In the current study, 89 widely grown cultivars represented 84 years of breeding, and their regions of origin covered a wide geographic area between N32º and N50º. A total of 35 nutritional and bioactive components were assessed, including some rarely analyzed components, and an overall temporospatial profile of soybean seed constituents was generated. Despite the relatively short 1-year observation period, the genetic progression was clear from the supporting evidence based on a comprehensive analysis of multiple seed constituents across a large set of widely grown cultivars over an extended time frame in a broad geographic area, indicating that data collection was sufficient.

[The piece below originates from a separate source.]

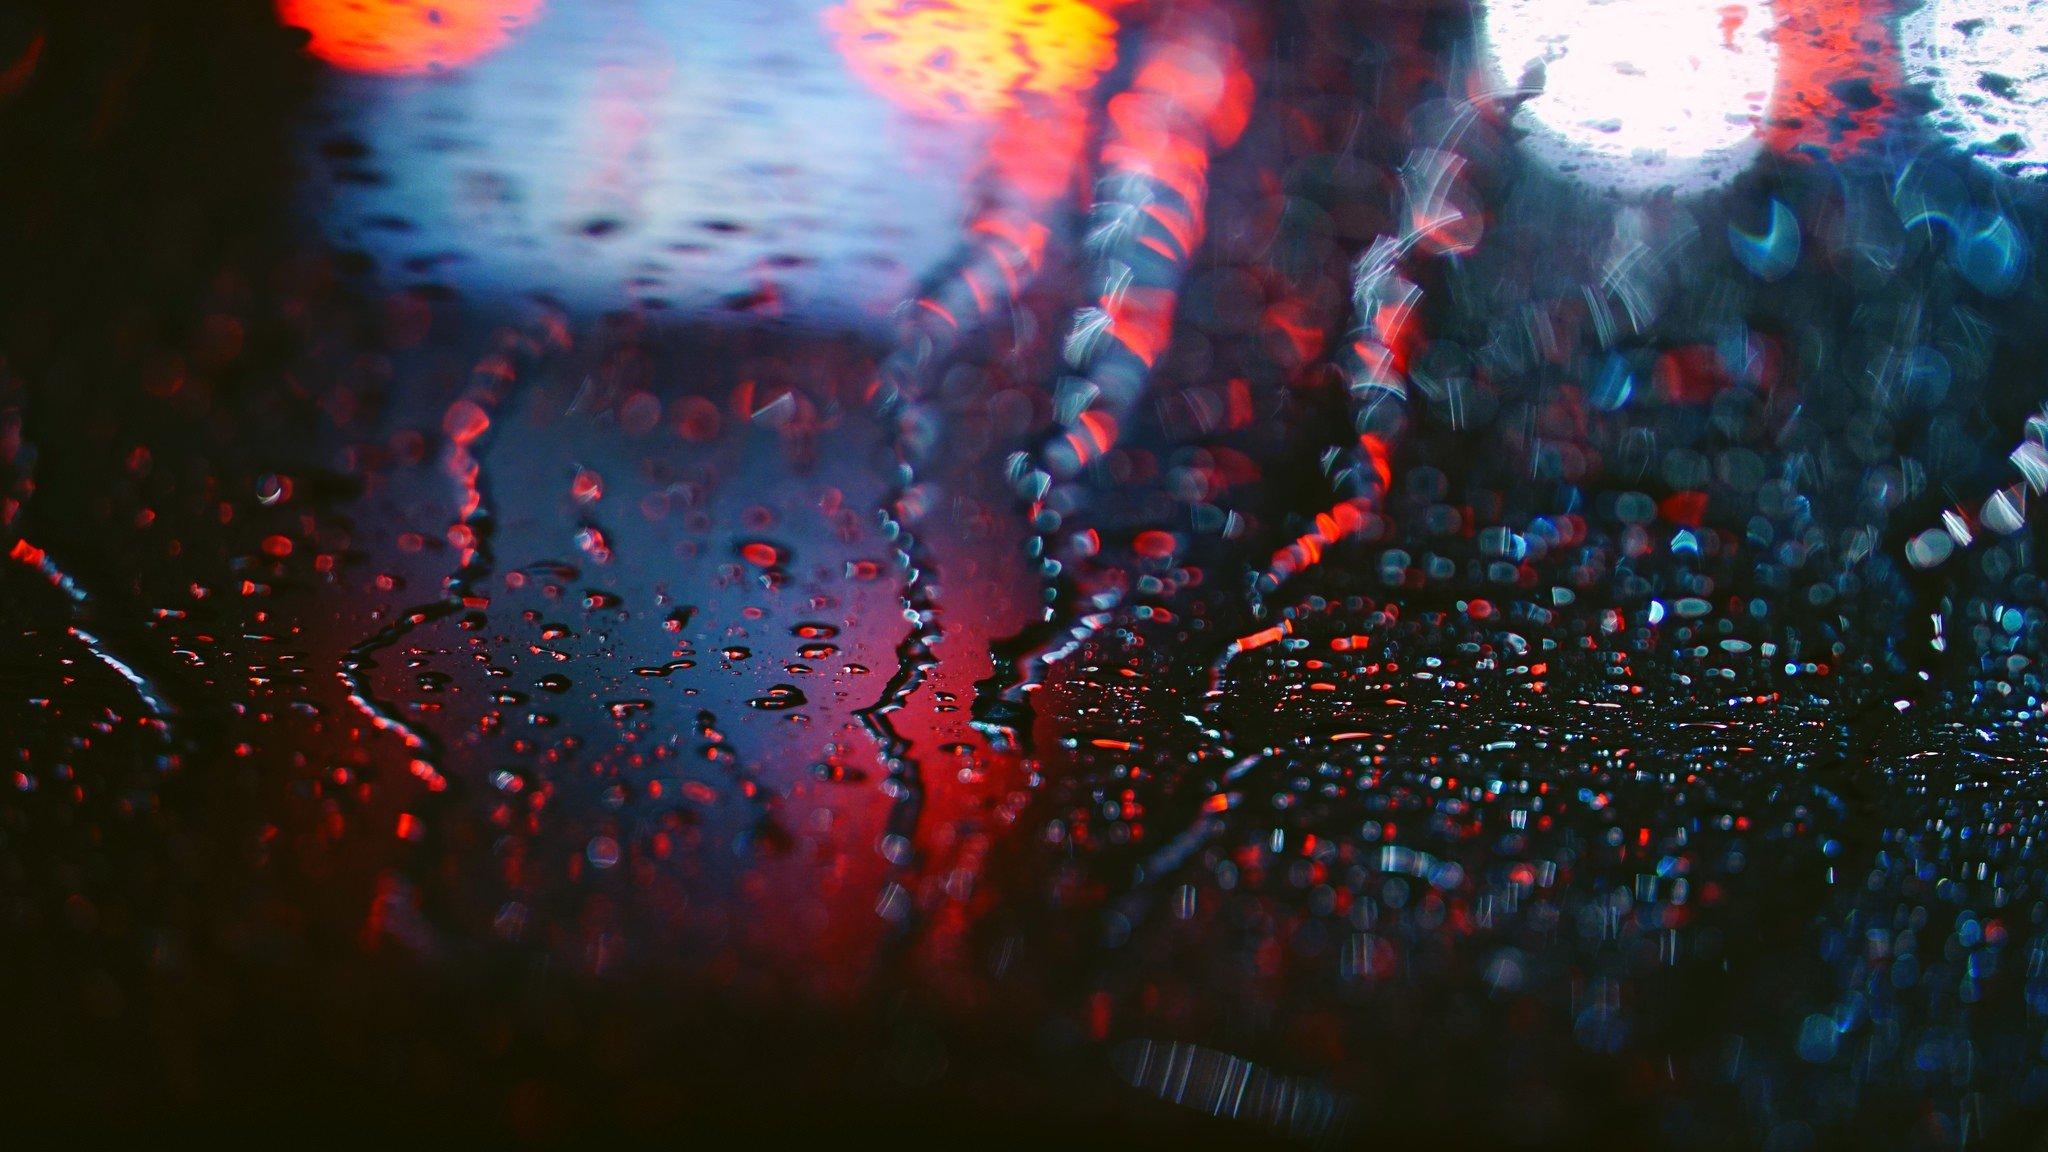 обои 2048x1152 Px боке глубина резкости макрос дождь

In summary, the results pertaining to the genetic progression in seed composition, as well as the correlations among constituents, have substantial implications for soybean breeding in China, and even worldwide. Breeders can make an effort to pyramid various nutritional and bioactive constituents simultaneously and concordantly through conventional and molecular approaches based on the aforementioned conclusions. In addition, the spatial distribution of seed constituents can provide insight into potential regions for production of different desired components. In short, it is conceivable that soybean quality, along with the alimentary and pharmaceutical value of the product, can be continuously improved through effective breeding practices. A temporospatial database of soybean seed components is important for evaluating the nutritional and bioactive characteristics and health-promoting functions of soybean cultivars.